When Is It Too Much Weight For a Goalie's Shoulders?

They say “Don’t put all your eggs in one basket,” a common phrase that I can remember being said way-back when I was just a little guy.  After Steve Mason’s sensational rookie year where he posted a 2.29 GAA with a record of 33-20-7 that included 10 shutouts, it was clear that Columbus was invested in the development and future of the Oakville, Ontario native.
Since that year however Mason has been on a steady decline, his win percentage has dropped, granted you can’t blame that entirely on him.  But his GAA hasn’t dipped below 3.00 in three years.  It’s not even so much how many goals he lets in, it’s how they are let in and when.  That frustrates me the most and maybe even the entire Blue Jackets fan base?  I can’t be the ONLY person upset by this.
In the midst of this summer’s “hoopla” which consisted of big-name signings in Jeff Carter, James Wisniewski and Vinny Prospal (who has been a beast so far this season), the Blue Jackets piled more stock into their young goaltender by signing of Mark Dekanich.  Wait, who?  Don’t worry; I had to Google him at first also.  I have nothing against Dekanich; I think he is a good goalie who fell off the charts in a system that was set with Pekka Rinne and Anders Lindback.  It’s hard to make a name for yourself when you have one career start to date in the National Hockey League.

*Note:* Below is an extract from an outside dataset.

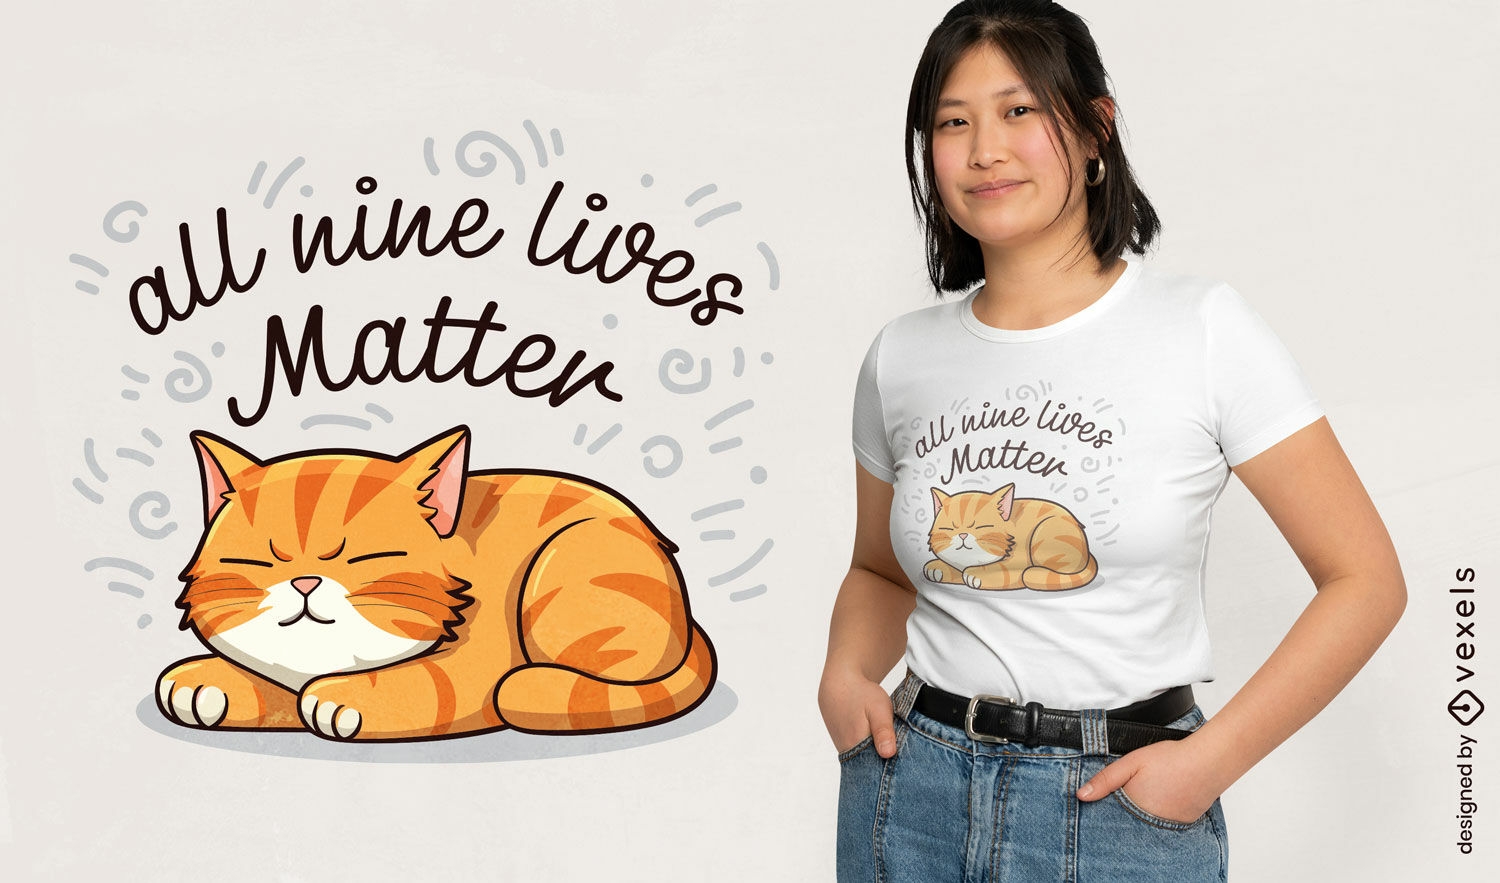 Funny cat lives matter quote t-shirt design

But his injury hasn’t helped his case unfortunately and who knows when we can expect him to fulfill the role he was brought in for, to help Mason through dark patches. 
The Blue Jackets continue the struggle to find ways to win hockey games, protecting the lead has never been their forte.  They continue to get overwhelmed by opponents; leading to defensive collapses and some awful turnovers in the defensive end.  I know the expectations were high of Mason after his rookie year, but even I don’t expect him to be a miracle worker and be able to stop everything.  Goaltenders thrive on confidence; sometimes confidence is all it takes.   

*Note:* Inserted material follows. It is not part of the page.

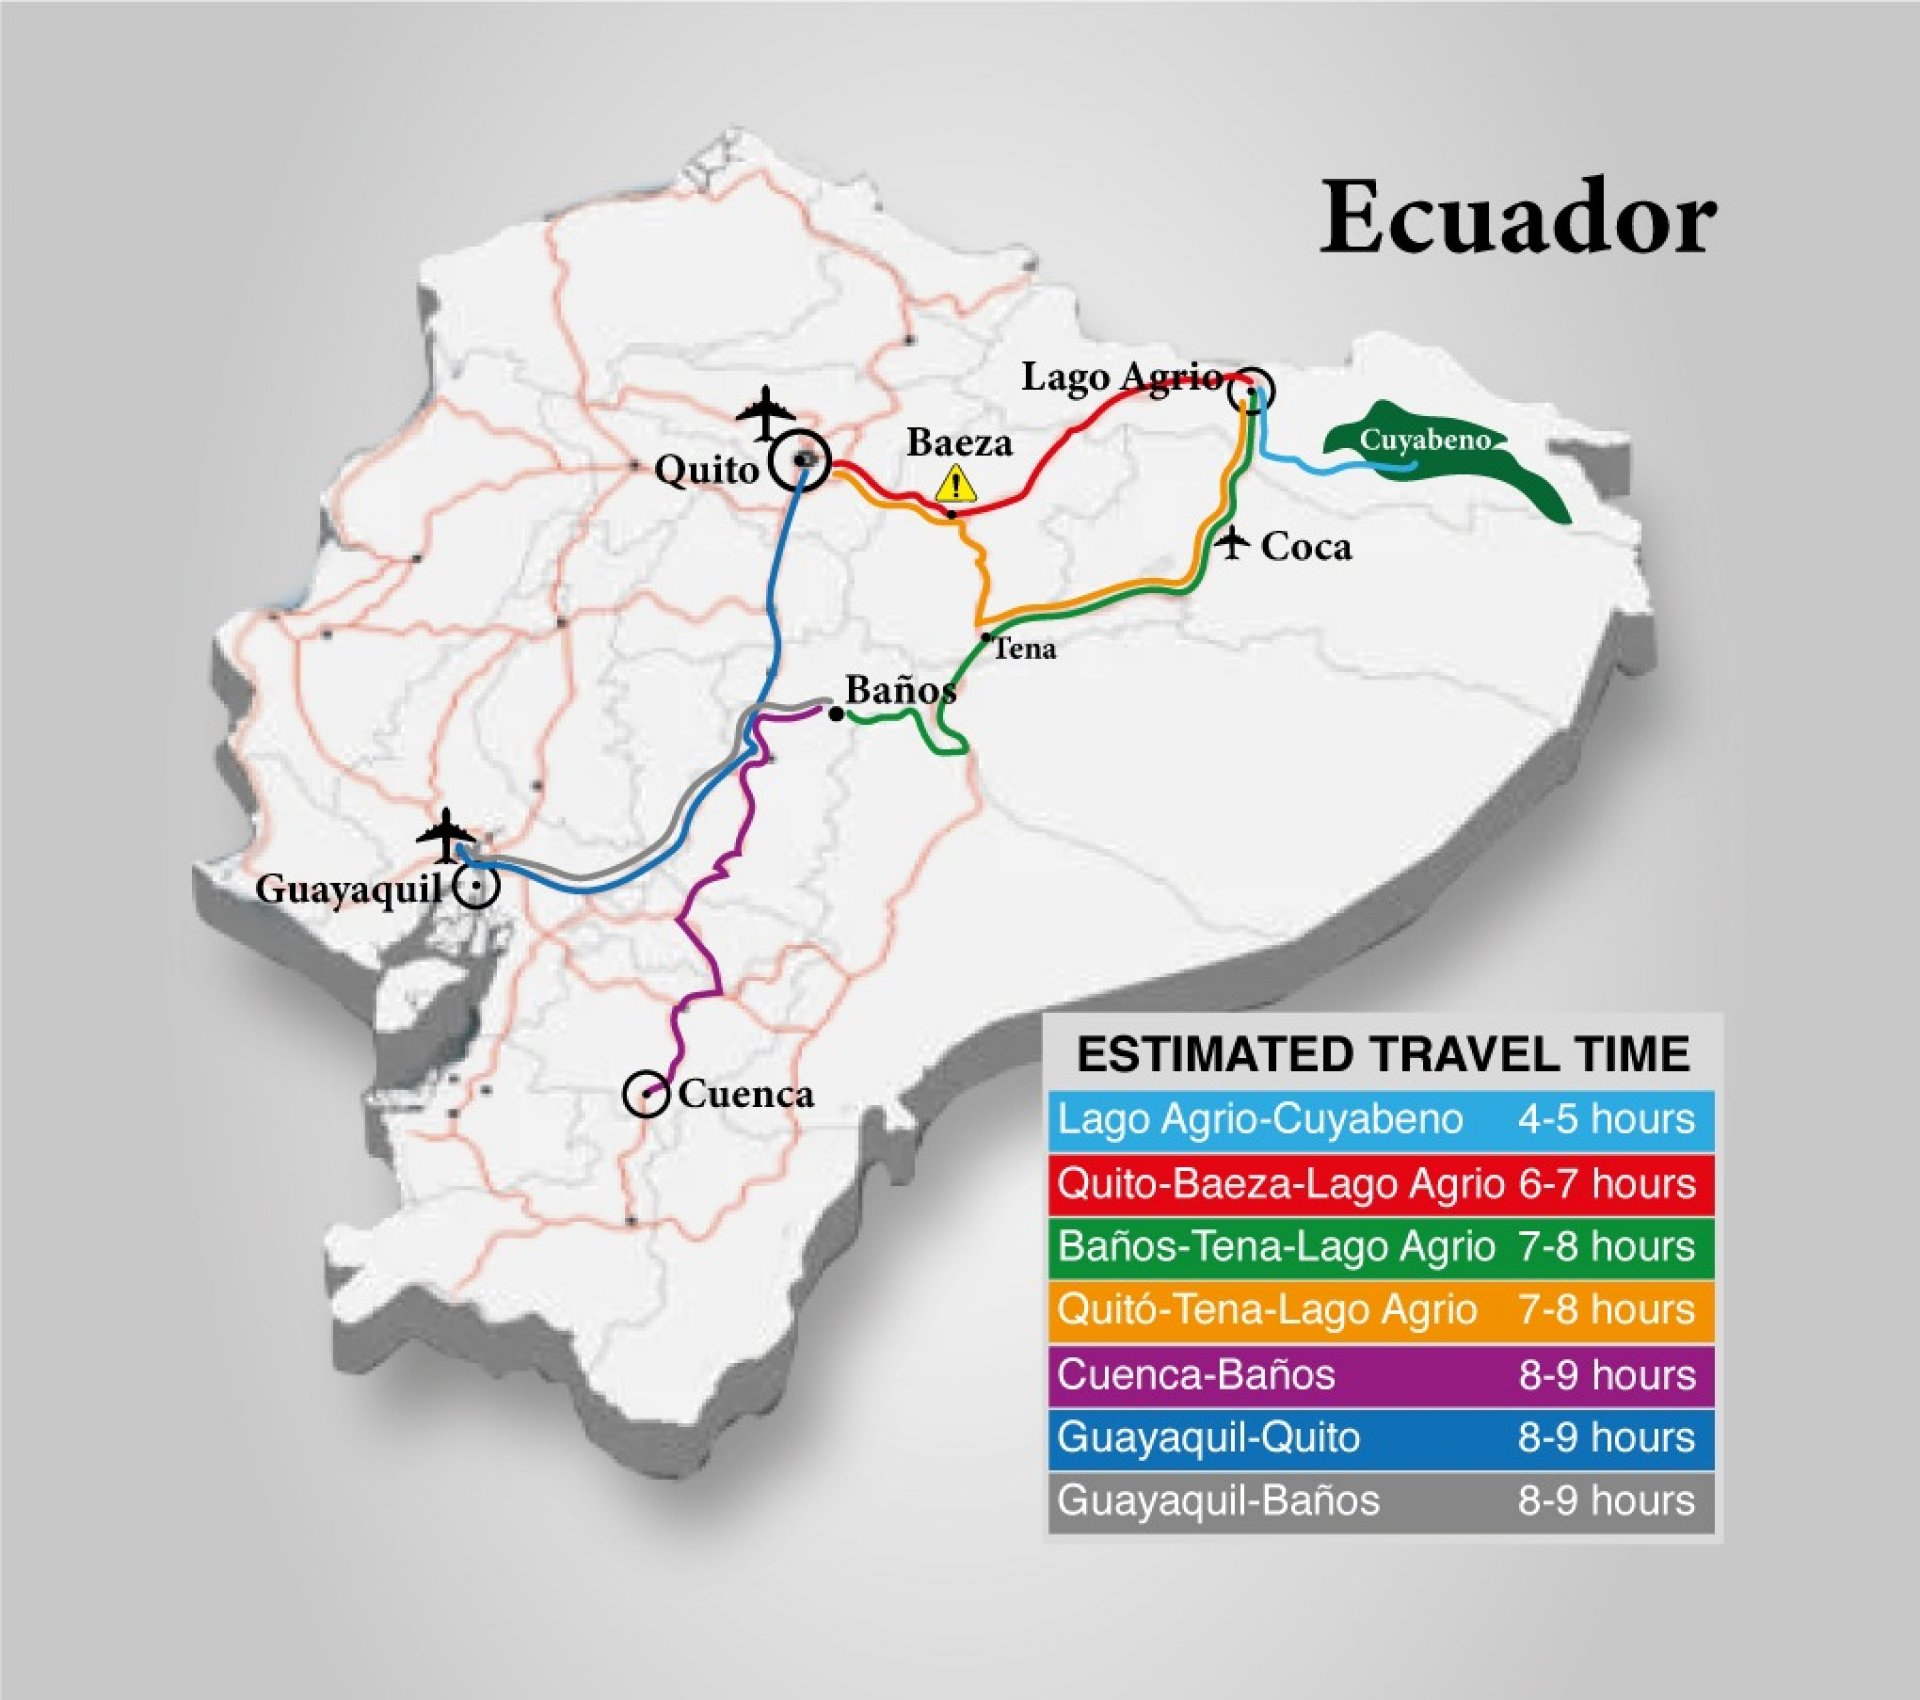 �C�mo llegar a Lago Agrio (Cuyabeno) desde Guayaquil?

But what if the confidence is gone?  Then what?
It wouldn’t be too unrealistic to see Columbus make a move to pick up a goaltender that has some NHL experience under their belt.  By “wouldn’t be too unrealistic,” I mean they should have done it five games ago.  With no goaltender for sale in any teams current one and two position, finding a dance partner for Mason who has NHL experience – True NHL experience (no offense Curtis Sanford) isn’t the easiest thing to do.  The ever so popular wish-wash coming out of Long Island in regards to Evgeni Nabakov on where/when he ends up is just enough of a tease for me to scream in my head “Why haven’t they done anything yet?!”  The 36-year old goalie who has nine years of NHL experience on his belt and a cap hit of about $500K seems like a perfect fit, and maybe GM Garth Snow realizes this and is planning on saving this commodity for a later date. 

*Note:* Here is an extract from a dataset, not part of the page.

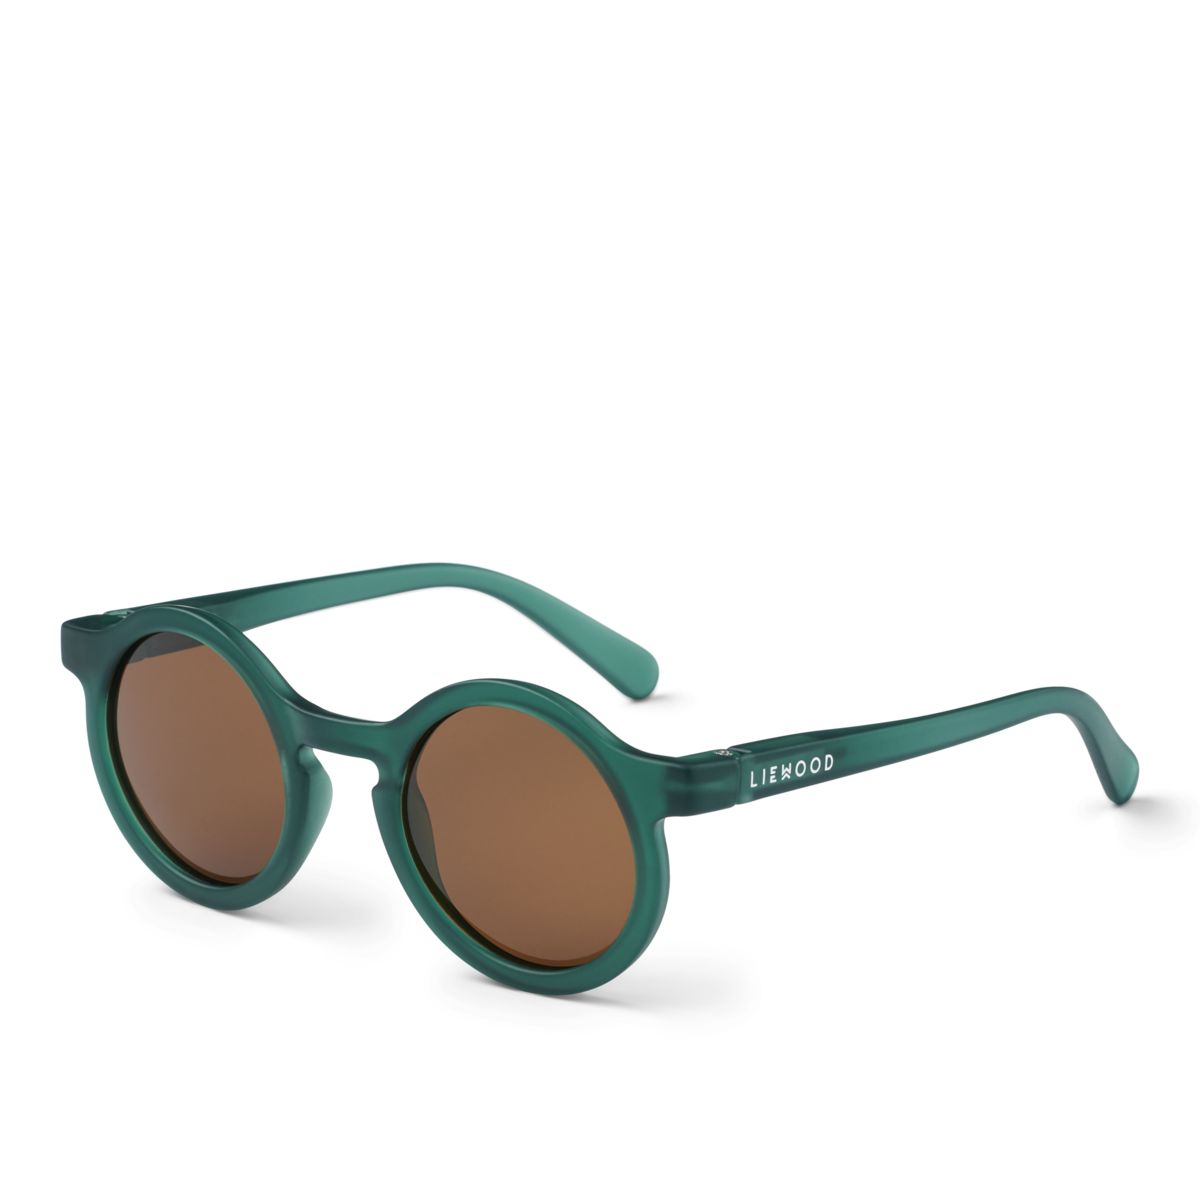 Darla sunglasses 1-3 years - Garden Green

With the Toronto Maple Leafs publicly saying they have no interest in Marty Turco, this could create an opportunity for Columbus to show interest in another veteran goaltender who has years of experience in the NHL for an efficient price.  Turco, after a dismal performance last year with the Chicago Blackhawks, continues to work out with the Ontario Hockey League’s Sault Ste. Marie Greyhounds in his hometown waiting for a team to sign him.
I have invested my time in Mason for the past three years waiting for him to find his form again that replicates some sign of brilliance that we all remember from that coveted rookie season.  Having the confidence in a goaltender to continue to stand by and wait for overall team production to produce its first winning season since 2008-09 takes a lot of patience. 
If no change is made this season to give Mason and the team some help in the goaltending department, it will be interesting to see where Mason’s game goes from here.  Remember rookie phenom Jim Carey?  Neither does most.